- Episode no.: Season 2 Episode 2
- Directed by: Norman Tokar
- Story by: Keith Walker
- Teleplay by: Larry Gelbart; Laurence Marks; Keith Walker;
- Production code: K403
- Original air date: September 22, 1973

Guest appearances
- Odessa Cleveland; Herb Voland; Corey Fischer;

Episode chronology
| ← Previous "Divided We Stand" | Next → "Radar's Report" |
- M*A*S*H season 2

= 5 O'Clock Charlie =

"5 O'Clock Charlie" is the 26th episode of the M*A*S*H television series, and second of season two. The episode aired on September 22, 1973.

==Plot==
For six weeks, an ammunition dump near the camp has been the target of a punctual but inept North Korean bomber pilot. Every afternoon at 5:00, he flies overhead and attempts to hit the dump with a single hand-thrown bomb. The pilot, nicknamed "5 O'Clock Charlie", has been so reliably unsuccessful that the denizens of the 4077th have begun a daily betting pool based on how far away from the target his bomb will land. Only Frank and Margaret regard Charlie as a serious threat. Frank gets Henry to request an antiaircraft gun, and Brigadier General Crandall Clayton (Herb Voland) comes to the camp to assess the situation. Clayton, who has placed the dump near the hospital so that the enemy will leave it alone, is initially skeptical of the need for a gun. When Charlie's next bomb destroys Clayton's jeep, though, he agrees to send one.

Frank takes charge of the gun and begins to train three South Korean soldiers in its use, but Hawkeye and Trapper mock him and argue that the gun's presence will draw enemy fire toward the hospital. Prompted by the camp dentist, Captain Phil Cardozo (Corey Fischer), Hawkeye and Trapper begin devising plans to get rid of the dump and thus remove the need for the gun. They dye sheets with mercurochrome to make a target for Charlie to hit; after he misses yet again, they confuse Frank's men into aiming and firing the gun directly at the dump to destroy it. Charlie stops his daily raids, believing he has finally hit the dump, and the staff of the 4077th returns to their routine duties.

==Production==
A Ryan PT-22 painted with North Korean markings was used for Charlie's plane.

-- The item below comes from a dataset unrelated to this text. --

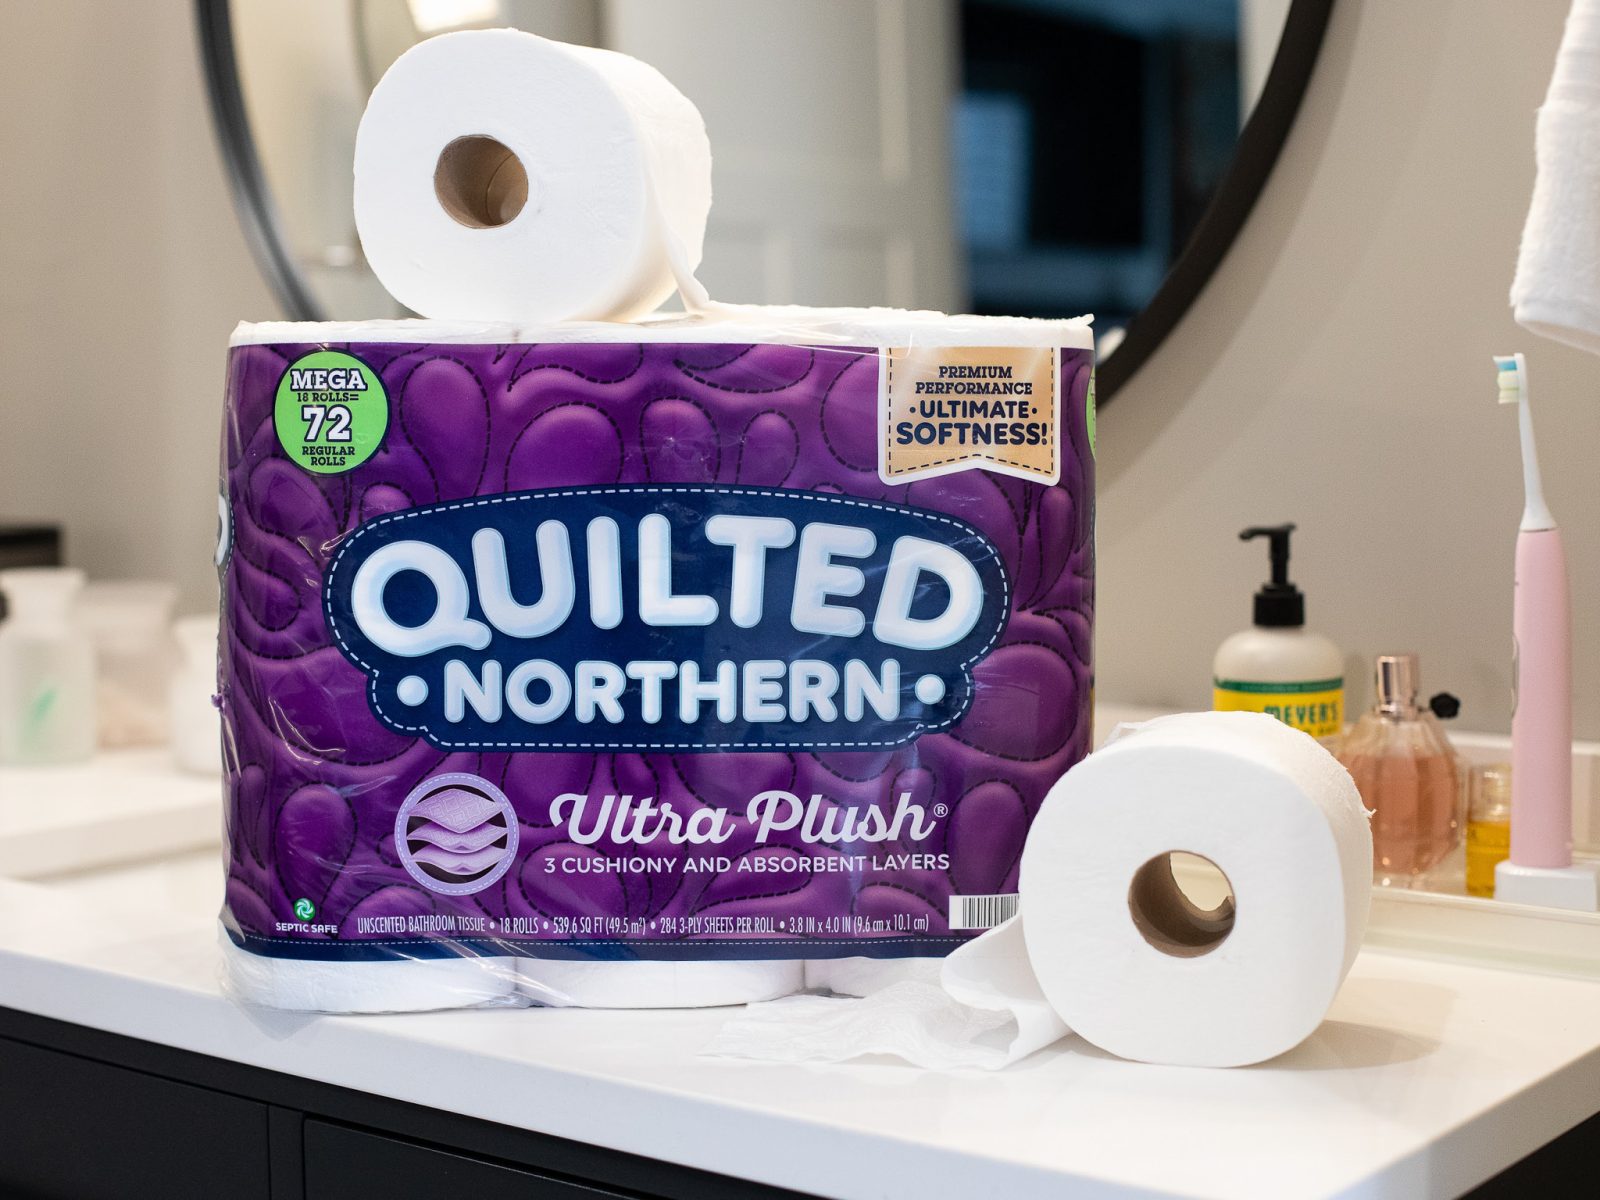 Mega Roll Packages Of Quilted Northern Toilet Paper As Low As $10.49 At Kroger (Regular Price $20.49)

The character of 5 O'Clock Charlie returns in the season-three episode "There Is Nothing Like a Nurse", in which the nursing staff is evacuated based on intelligence that points to an upcoming air raid on the 4077th. In the end, the "air raid" turns out to be 5 O'Clock Charlie, this time armed with propaganda leaflets.

==Notes==
During the U.S. Pacific campaign of World War II—specifically, during the Guadalcanal campaign (1942–1943)—Japanese bombers would harass U.S. Army Air Force bases at night to deprive personnel of sleep. American troops subsequently gave these bombers various nicknames, such as "5 O'Clock Charlie", "Bed-Check Charlie", or "Washing-Machine Charlie". Various methods of harassment included overflights at full throttle with propellers at near-flat pitch, or deliberately unsynchronized engines.

One Washing-Machine Charlie appeared in the U.S. television comedy series McHale's Navy. Washing-Machine Charlie was also discussed in Gregory Boyington's autobiography and made appearances in Black Sheep Squadron, the television show loosely based on Boyington's World War II exploits.